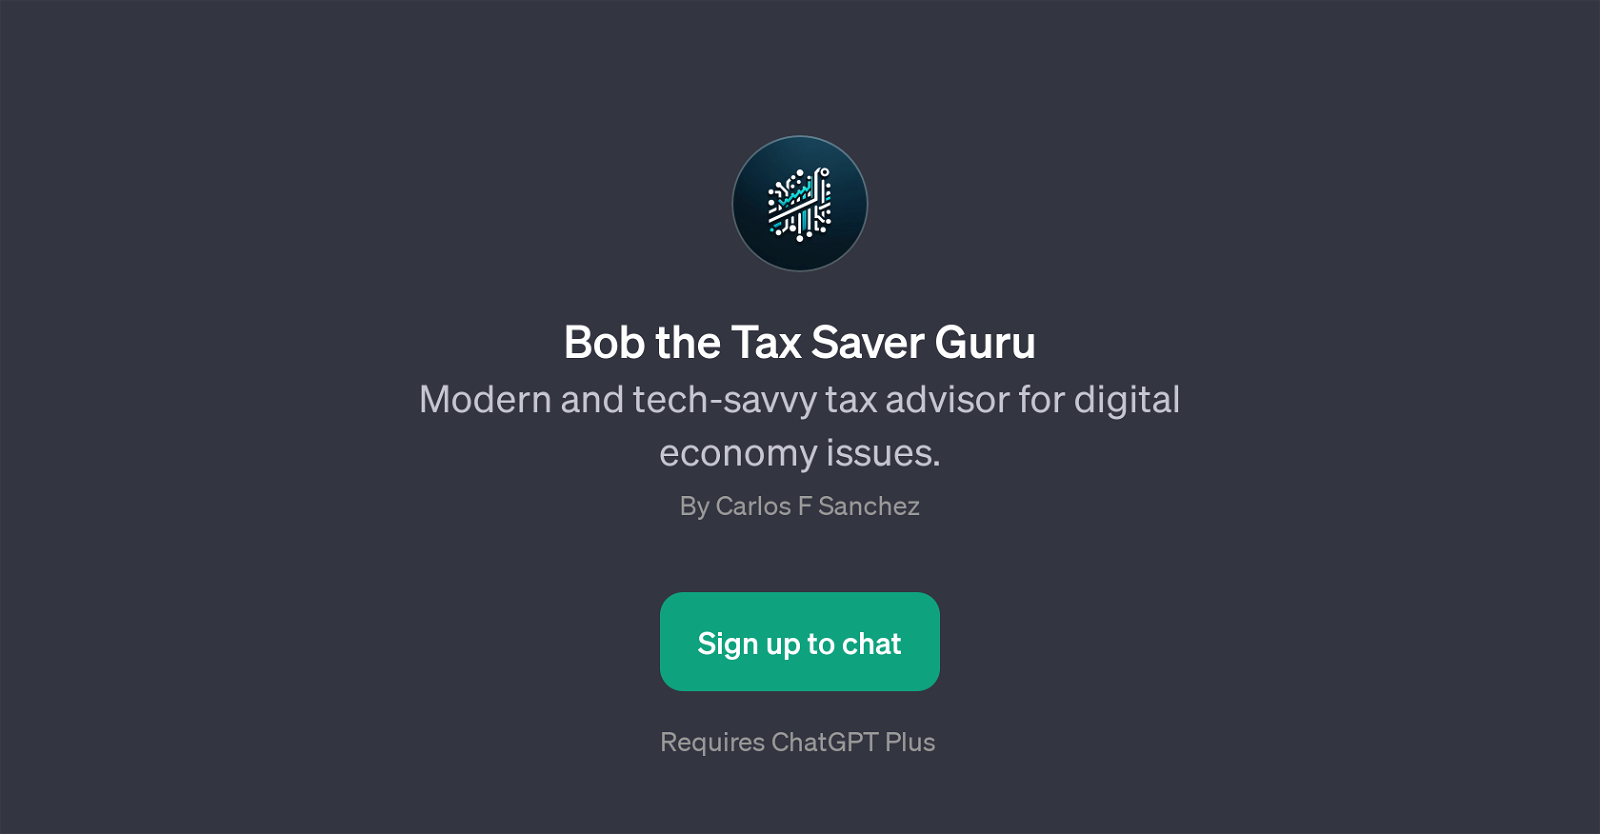 Bob the Tax Saver Guru website
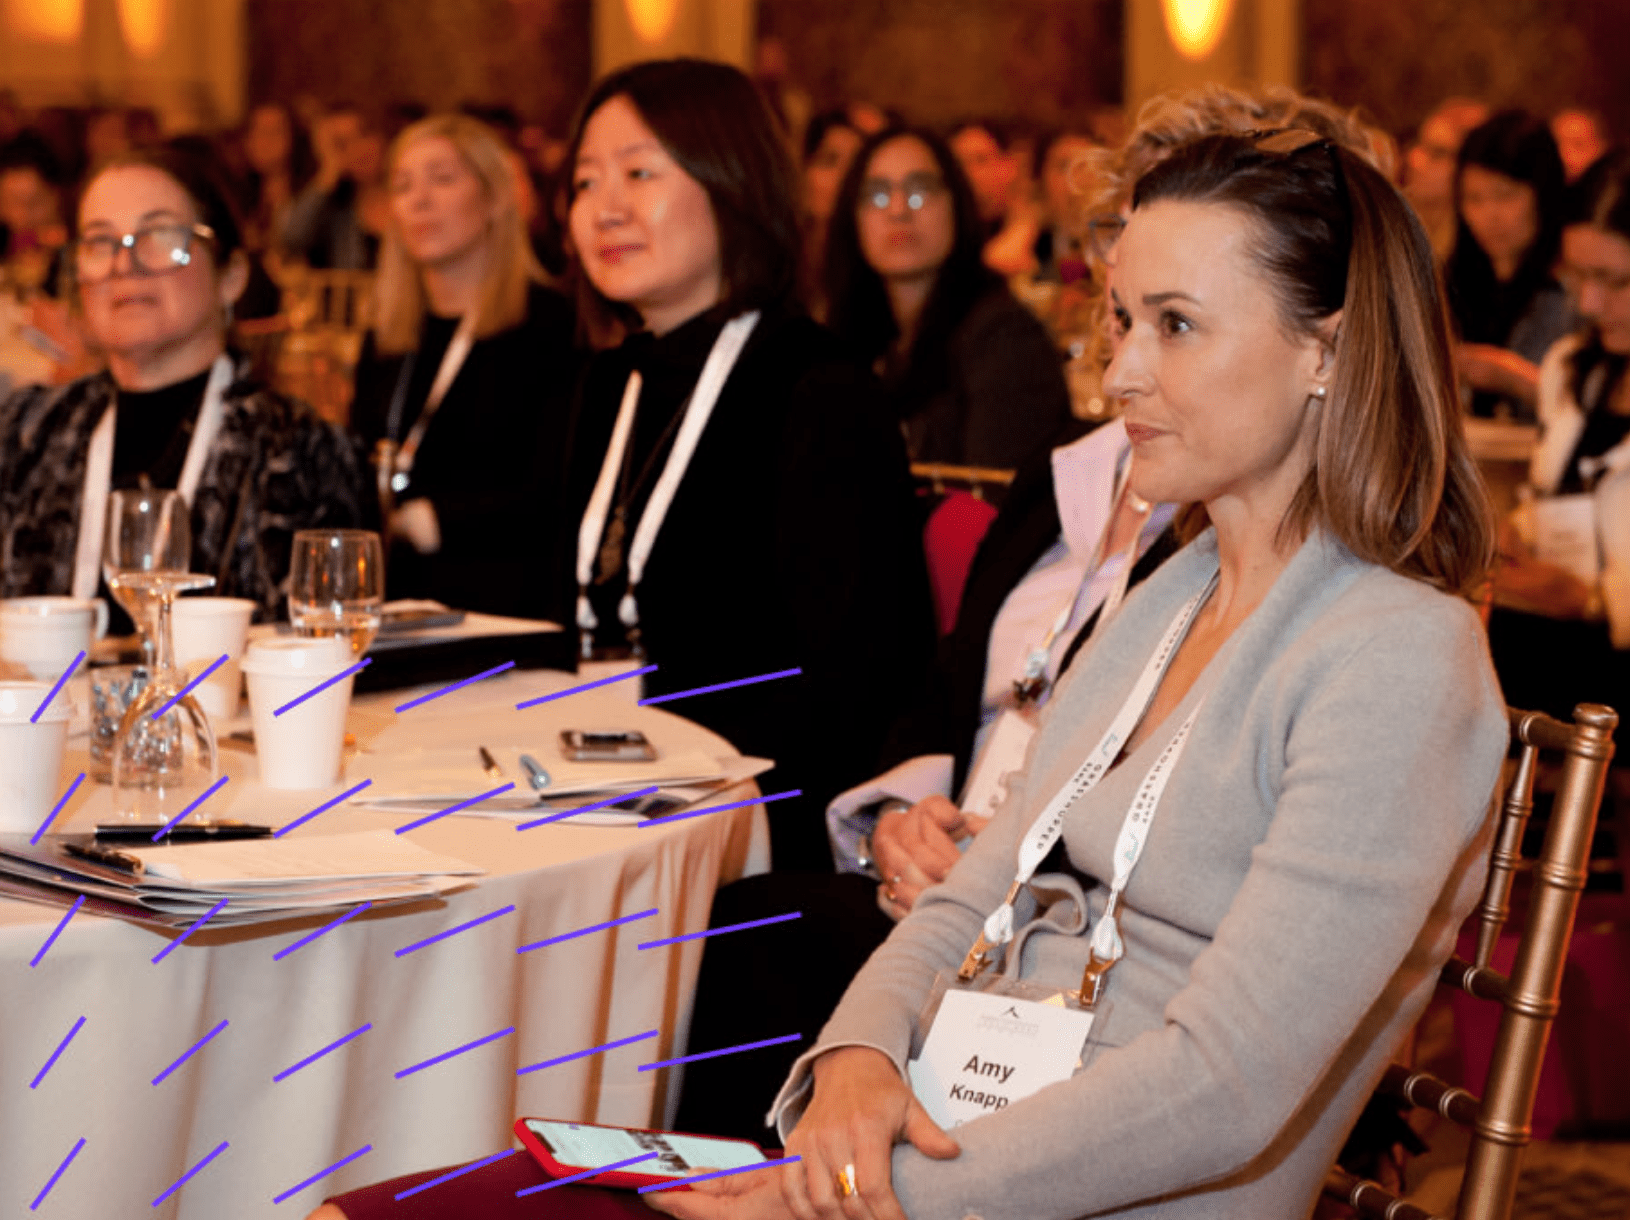 Women's Private Equity Summit NextBillion
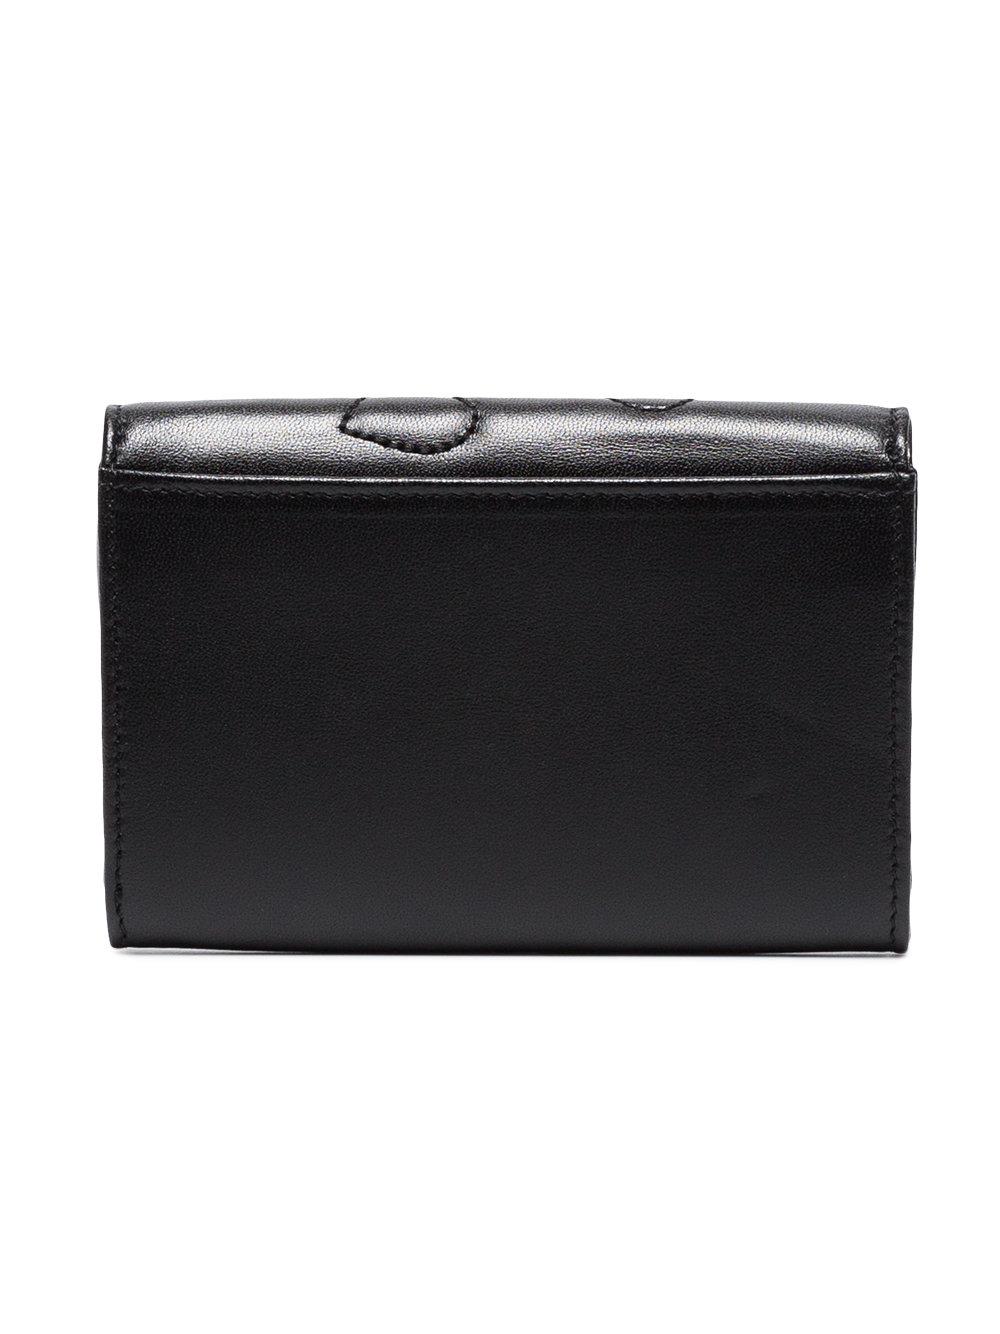 Leather wallet Saint Laurent Black in Leather - 30940271

·····

» Exercise brief
Copy the listing in full and without alteration, omitting every picture.

» Reply
 Bob the Tax Saver Guru website
 Women's Private Equity Summit NextBillion
 Leather wallet Saint Laurent Black in Leather - 30940271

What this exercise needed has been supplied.